_Your instructions_
When you copy from the entries that follow, take only the lines from the one with "Agent de Medi Ambient" down to the one with "Image of Port Elizabeth Flooring Showroom", keeping both ends and dropping every picture.

_Entries supplied_
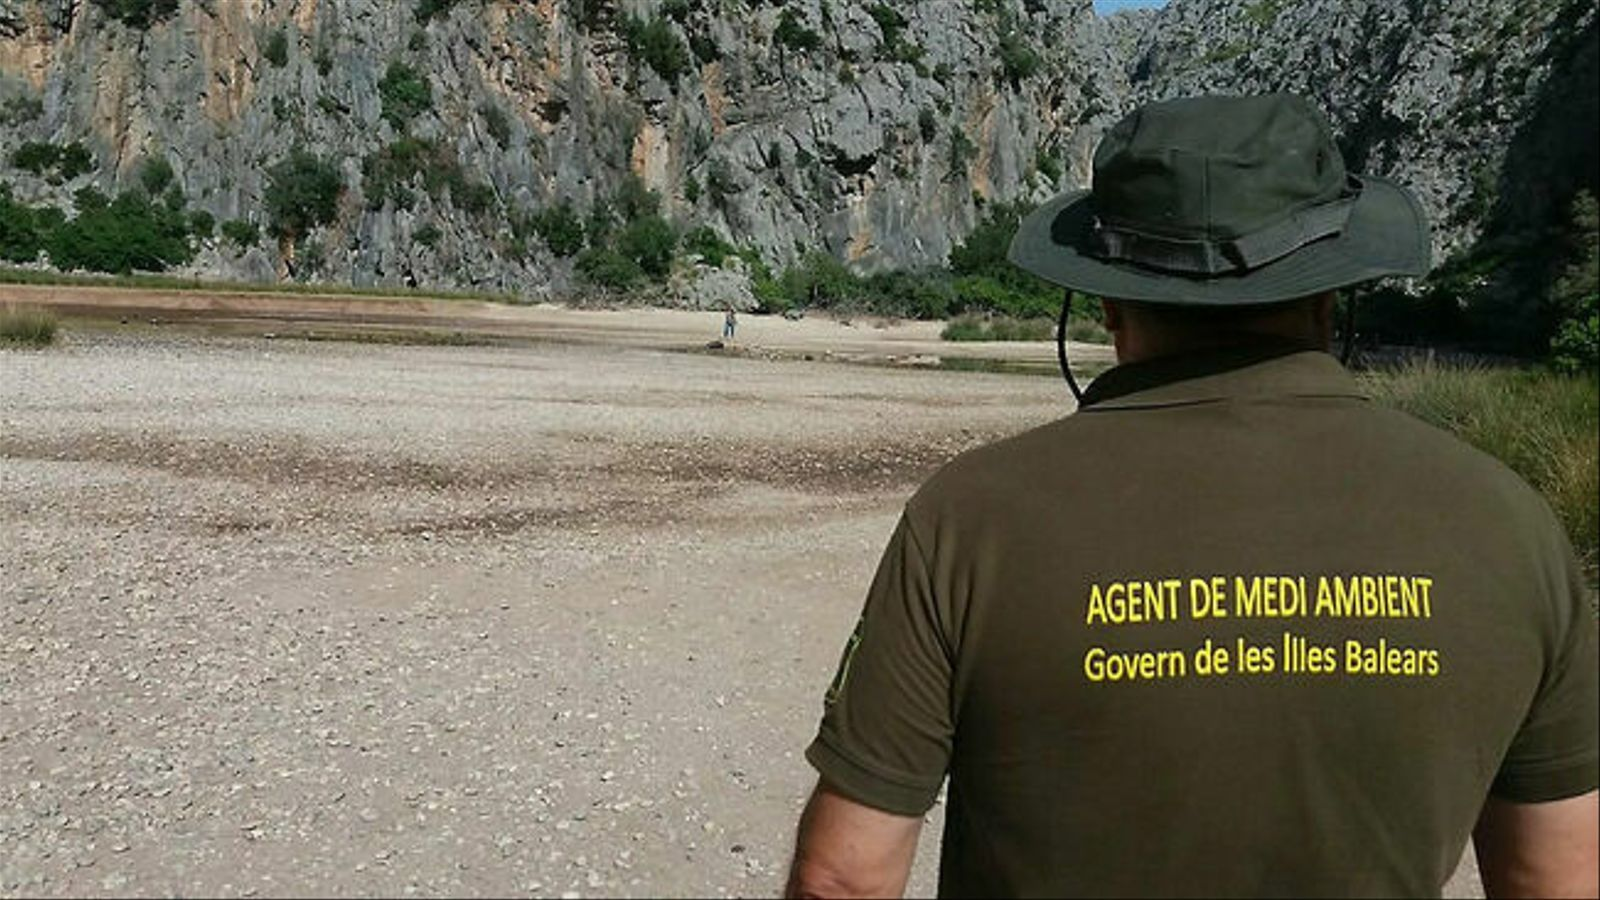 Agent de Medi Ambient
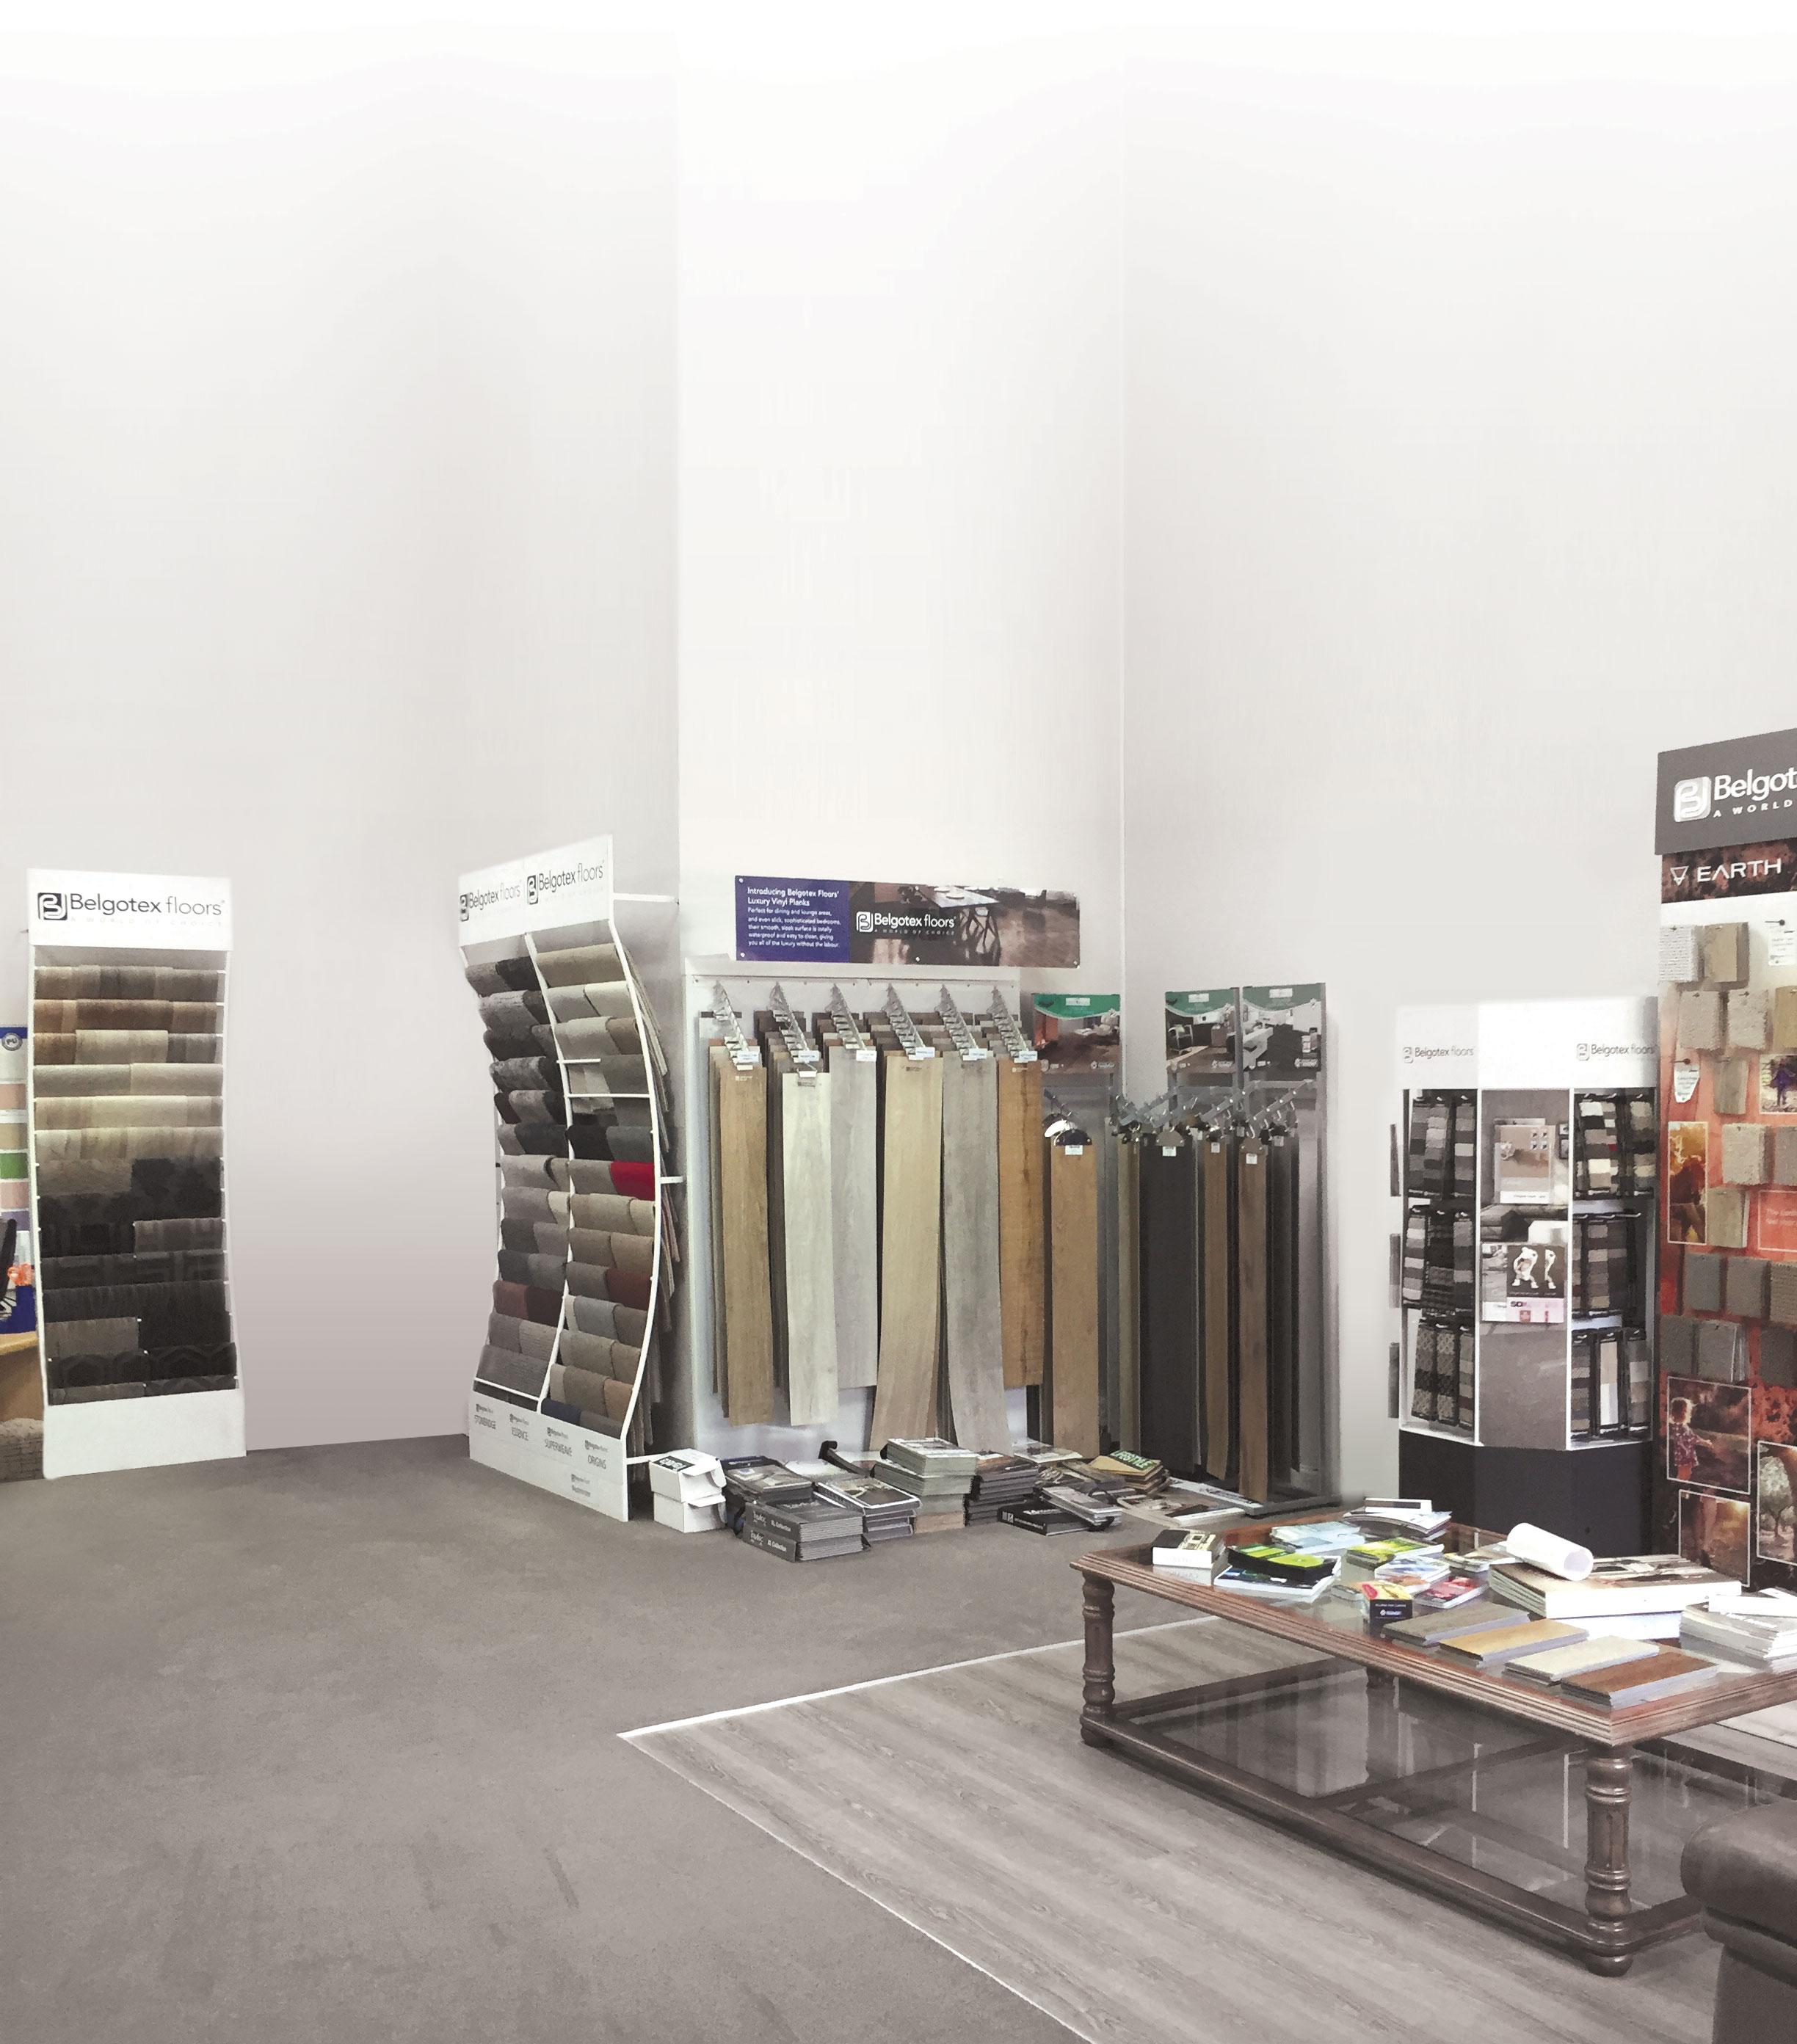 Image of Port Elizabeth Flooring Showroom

...

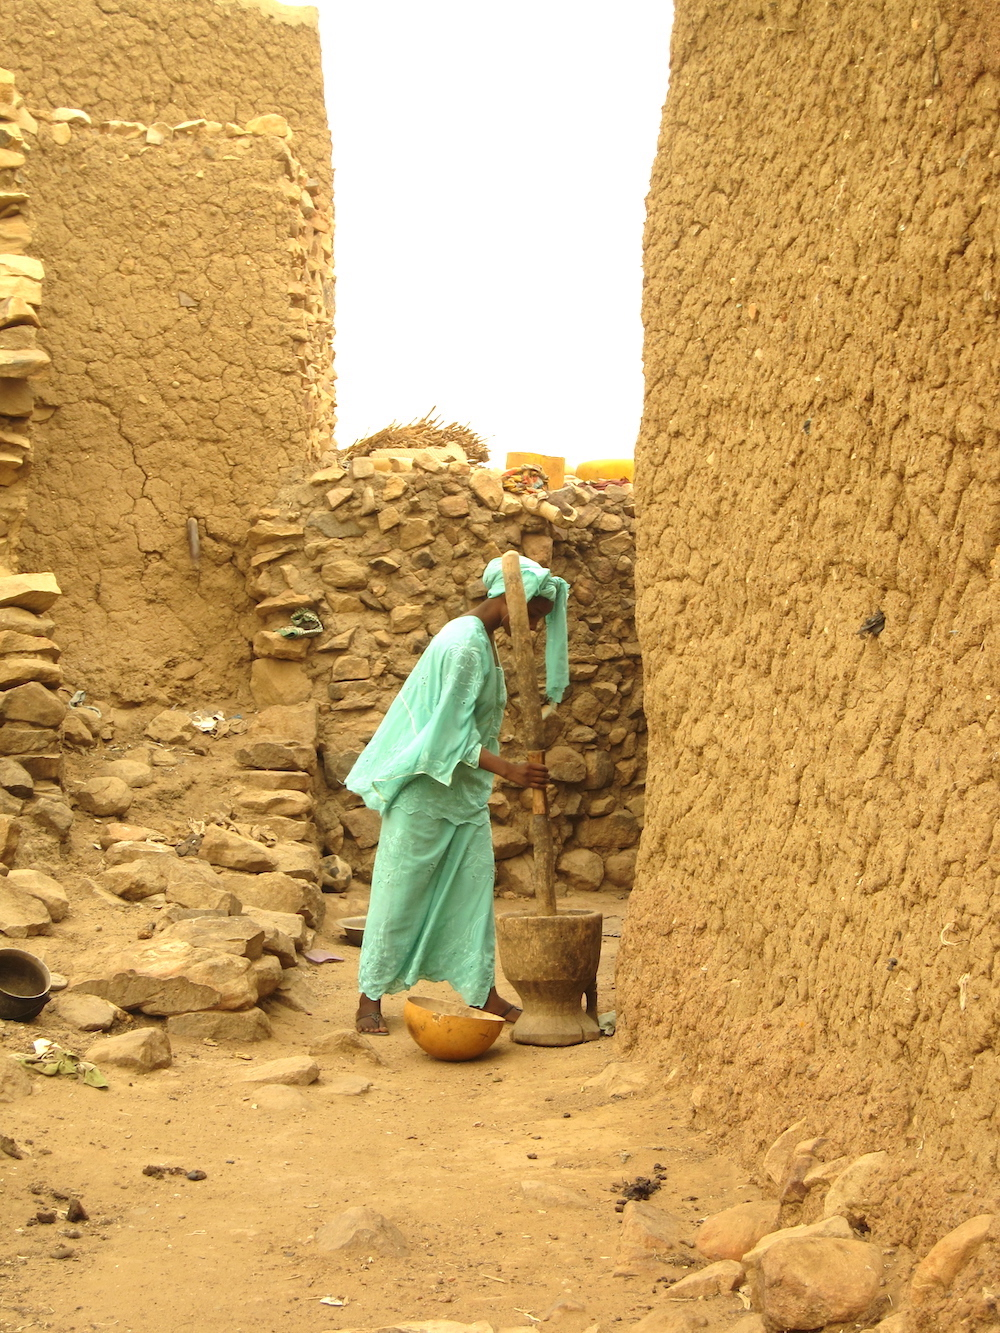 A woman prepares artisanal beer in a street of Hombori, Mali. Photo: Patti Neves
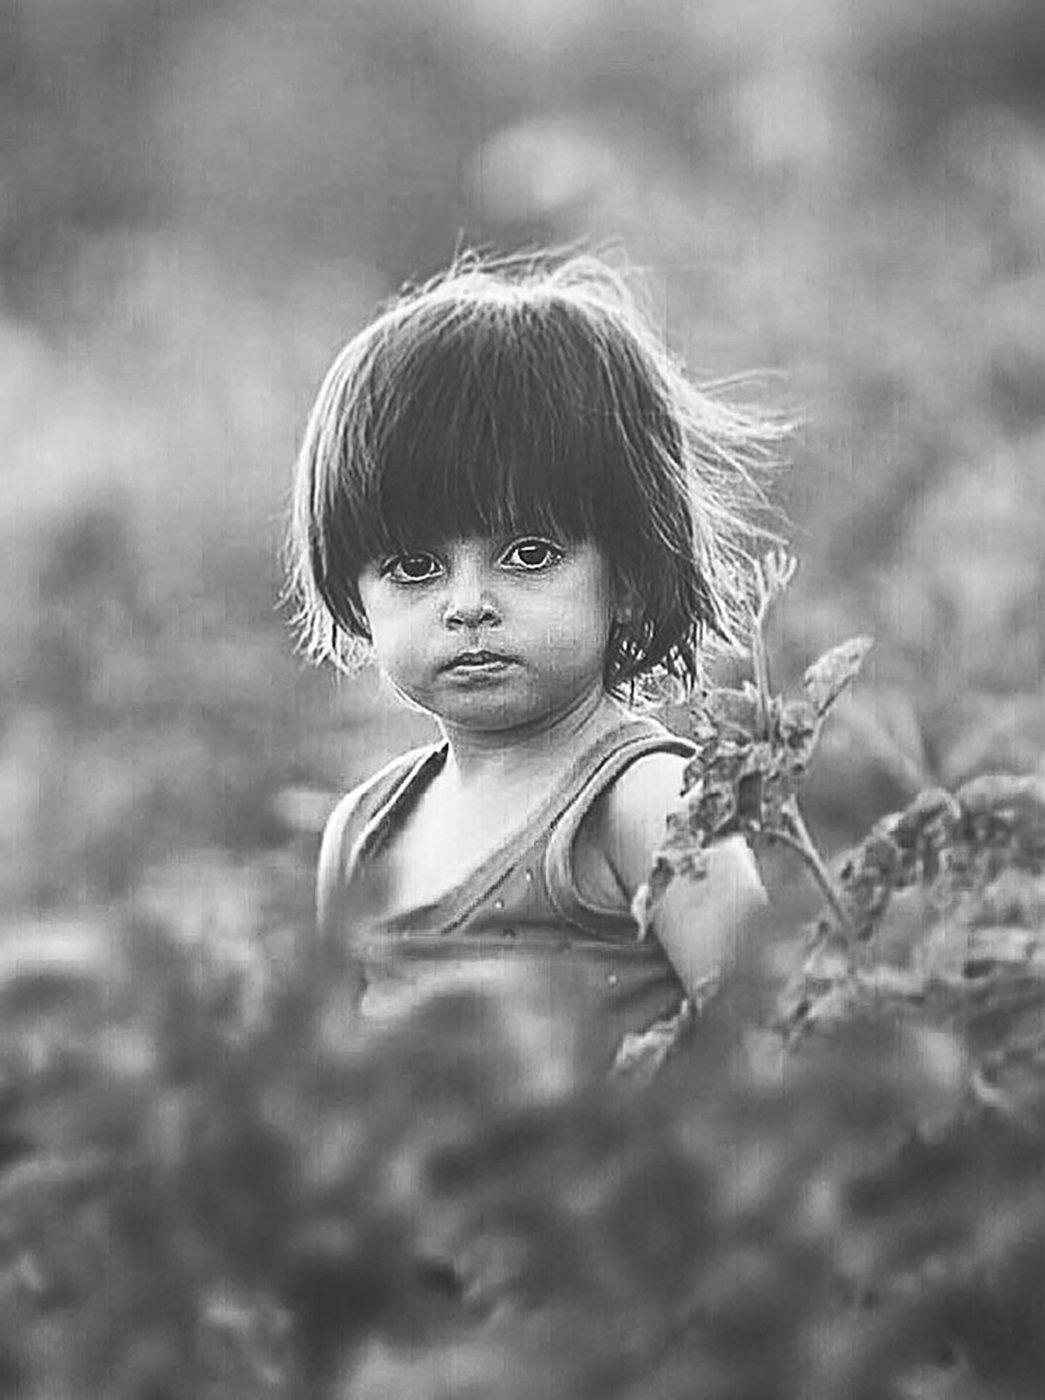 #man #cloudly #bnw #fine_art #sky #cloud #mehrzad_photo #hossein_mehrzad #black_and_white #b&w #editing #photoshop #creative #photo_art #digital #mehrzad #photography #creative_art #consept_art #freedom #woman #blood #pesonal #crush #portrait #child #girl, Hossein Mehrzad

_Response to this exercise_
 Agent de Medi Ambient
 Image of Port Elizabeth Flooring Showroom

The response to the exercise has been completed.